This article is part of the Overdrafting in the United States report
OverdraftApps set out to learn just how hard Americans are hit by overdraft fees, or fees incurred when a bank charges customers for letting them use more money than they have in their accounts (either by linking their checking account to another, like a savings account, or simply fronting them the money). Each bank has its own options for enabling this kind of activity, generally under the umbrella heading of overdraft protection programs, with fees ranging anywhere from $10 to $35 for each overdraft, depending on the bank. With Americans having paid as much as $35 billion in overdraft fees per year in the past, the problem seems to be one in urgent need of addressing.

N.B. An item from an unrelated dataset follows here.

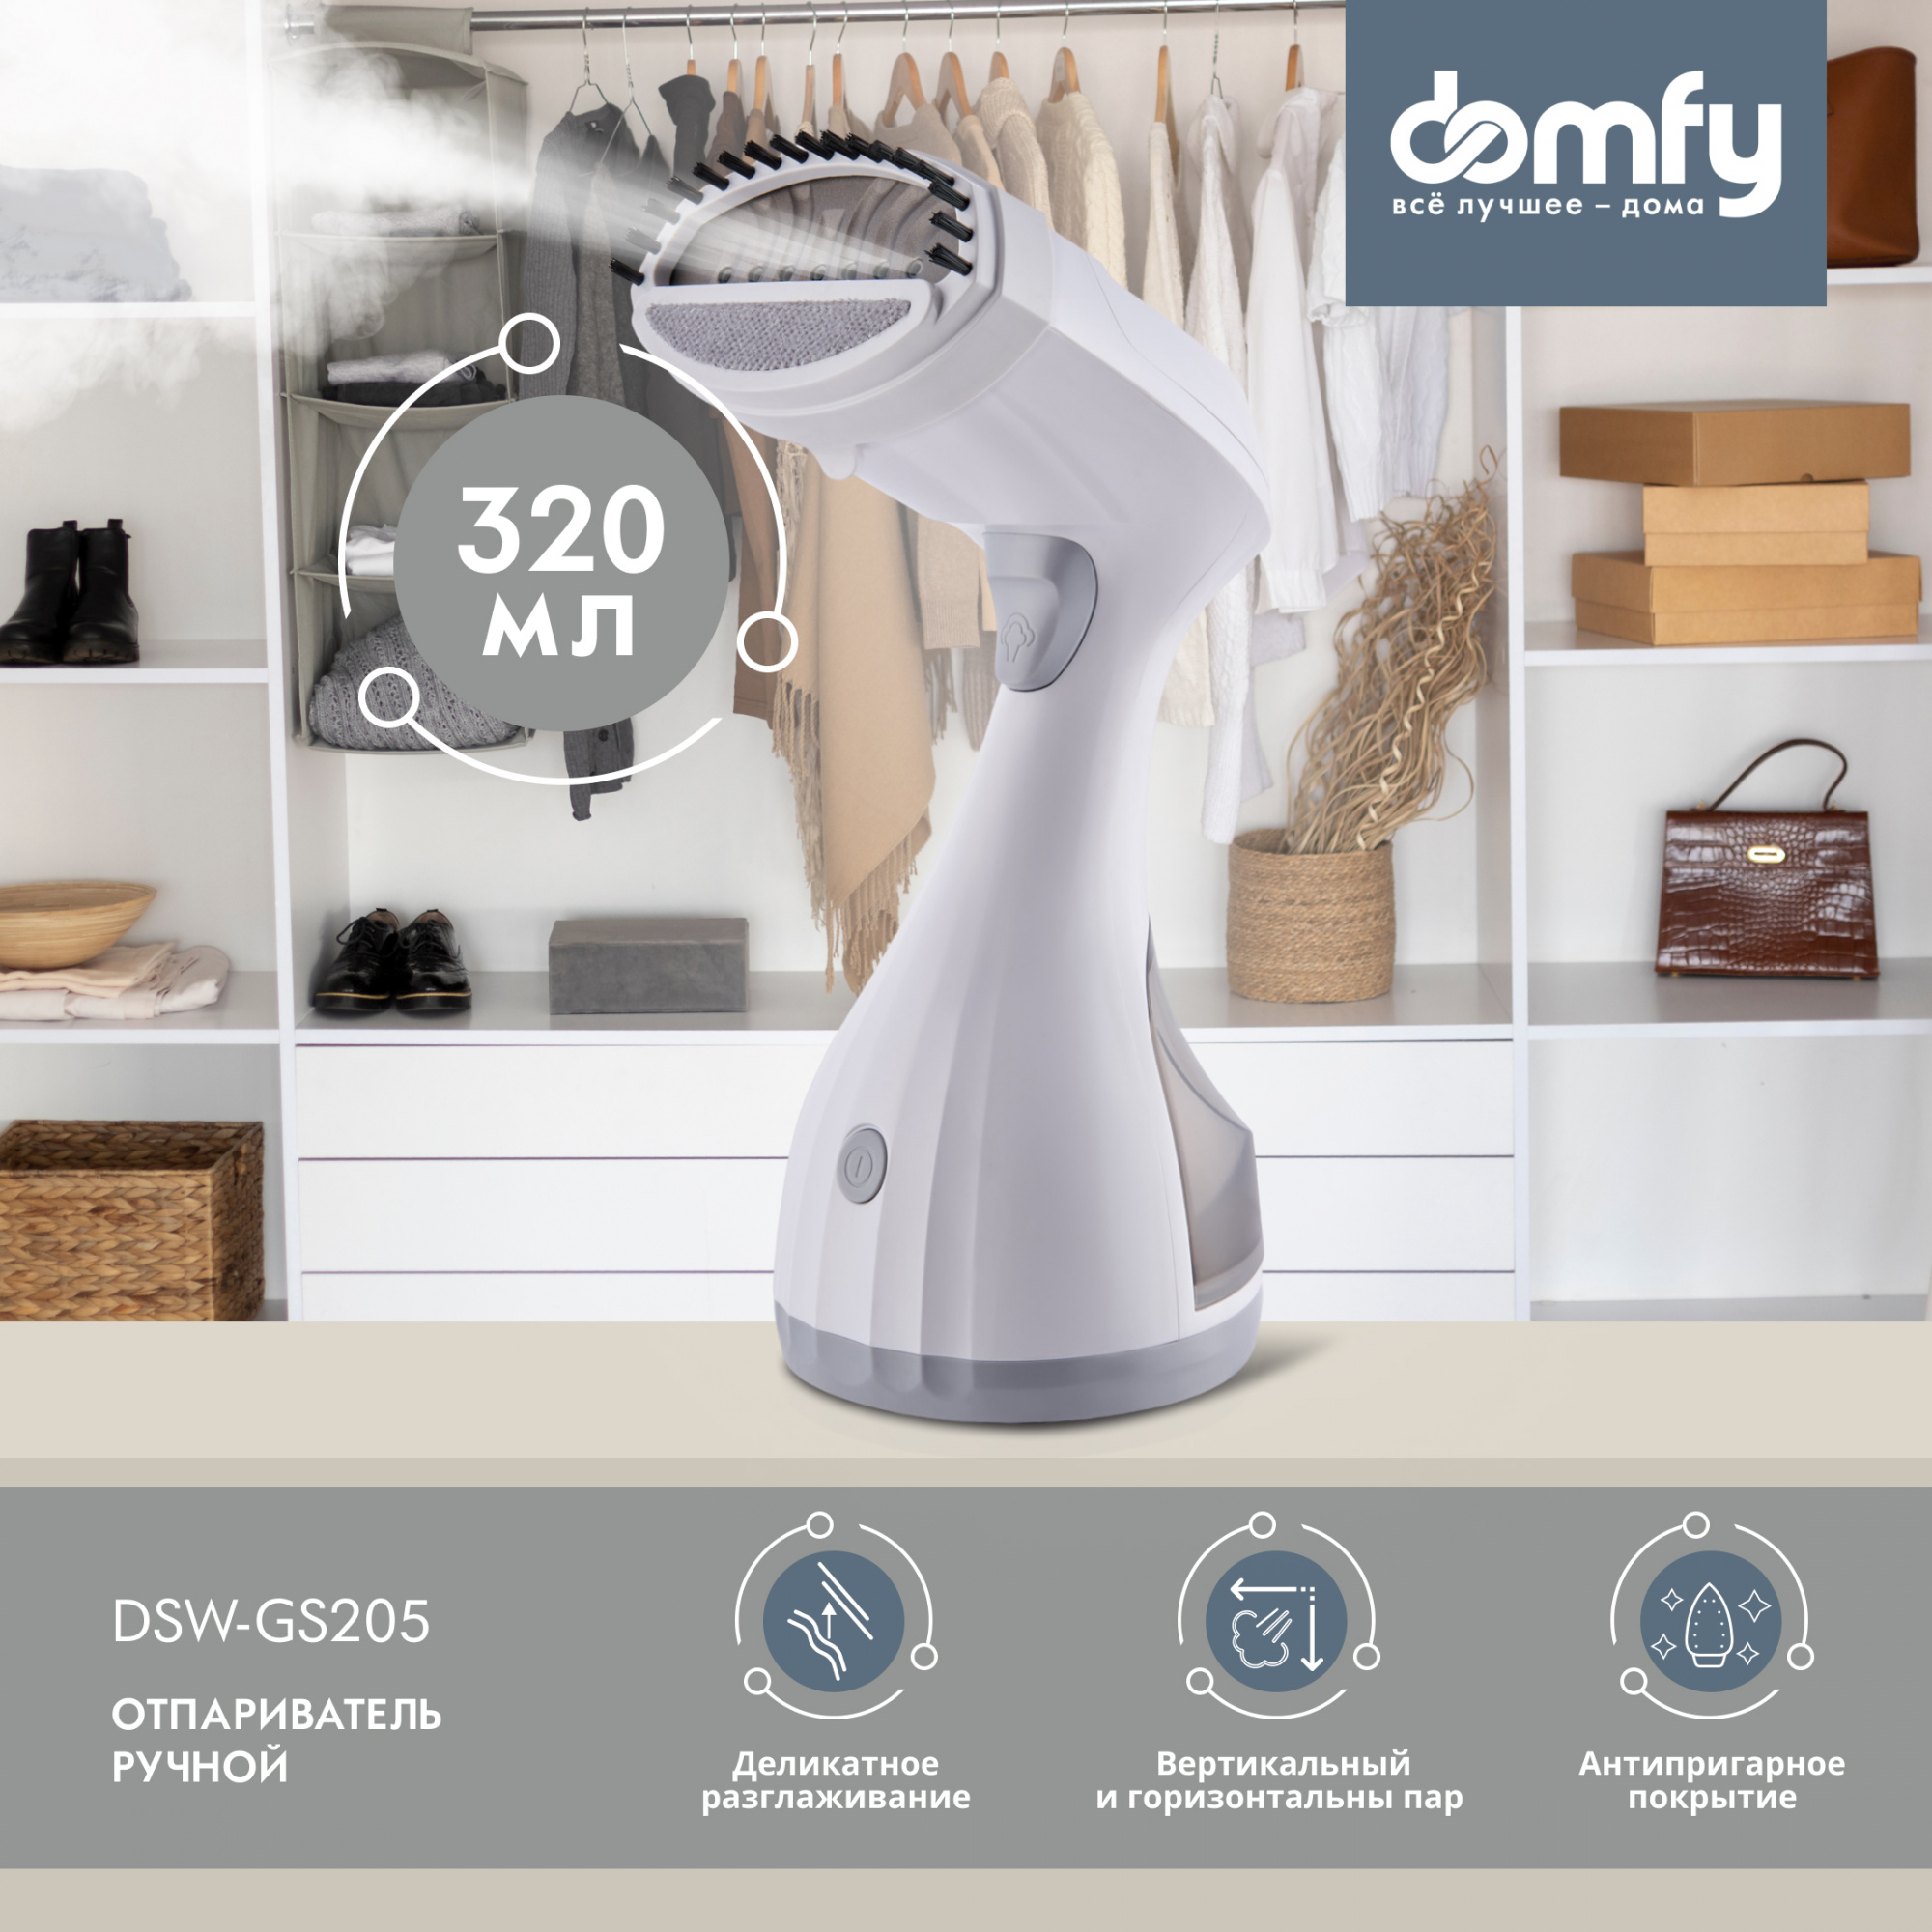 Отпариватель ручной Domfy DSW-GS205 1650Вт белый/серый

Having surveyed 1,009 people ages 18 to 71 from 46 of the United States (excluding Wyoming, Vermont, Alaska and Hawaii), we found both that overdrafts were quite common, and that there was a great deal of confusion around how and why they happen. As many as 46% of Americans said they had overdrafted at least once in the past year, with 39% saying they were not aware they could opt out of overdraft protection (that is the programs enabling them to overdraft in the first place). And approximately 42% of respondents said they had overdrafted but didn’t realize it until later. The study also found that another 13% of Americans had overdrafted three to nine times in the past year, and 5% had overdrafted more than 10 times in the past year.
When it comes to having agency over this kind of activity, the survey found that 39% of consumers had opted into overdraft protection at their banks, but when asked why they had done so, nearly a fourth (23%) said they weren’t aware they could opt out. Nearly a fourth (23%) also said didn’t remember whether or not they’d opted into overdraft protection, and 4% weren’t sure what it meant to opt into overdraft protection at all.
Why so much confusion around overdrafts? According to Theresa Schmall of the Center for Financial Services Innovation, the answer is multifold. First, the information is out there, people just aren’t paying attention.
“From the consumer level,” she says, “people don’t read long contracts when they sign up for their accounts, and they probably don’t read the emails that follow up. So they have all the communications, they’re just not reading it.”
Plus, Schmall adds, because banks profit from overdraft fees, they themselves are not incentivized to advertise overdraft protection. Changing this “would likely be an investment for banks where they’d lose all those overdraft fees,” she says. So it can also be hard for consumers to get a hold of this information. Ultimately, she says, for customers’ financial institutions to work for them, “It’s not just on the provider, it’s not just on the consumer — it needs to be the two working together.”
So how have respondents dealt with overdrafts when they happened? The study found that as many as 58% had called their banks to try to get the overdrafts reversed, while 26% said they’ve never tried because they didn’t think it would work. The latter is indicative of another trend found in the study: many Americans don’t trust their financial institutions and government. When asked if they ever felt like “the system,” whether political or financial, was trying to take advantage of them when it comes to financial products, the majority of respondents said they believed so. More than half, or 51%, said they often felt this way, 37% said they have felt this way a few times, and only 12% reported rarely feeling this way at all.
We also looked at how various populations overdrafted, including those in various income brackets. Instances of overdraft once or twice in the past year were surprisingly similar for each group of earners. Within those making less than $25,000, 23% overdrafted once or twice in the past year. Within those making $25,000 to $50,000, 32% overdrafted. Within those making $50,000 to $75,000, 30% overdrafted. Within those making $75,000 to $100,000, 23% overdrafted and within those making more than $100,000, 27% overdrafted.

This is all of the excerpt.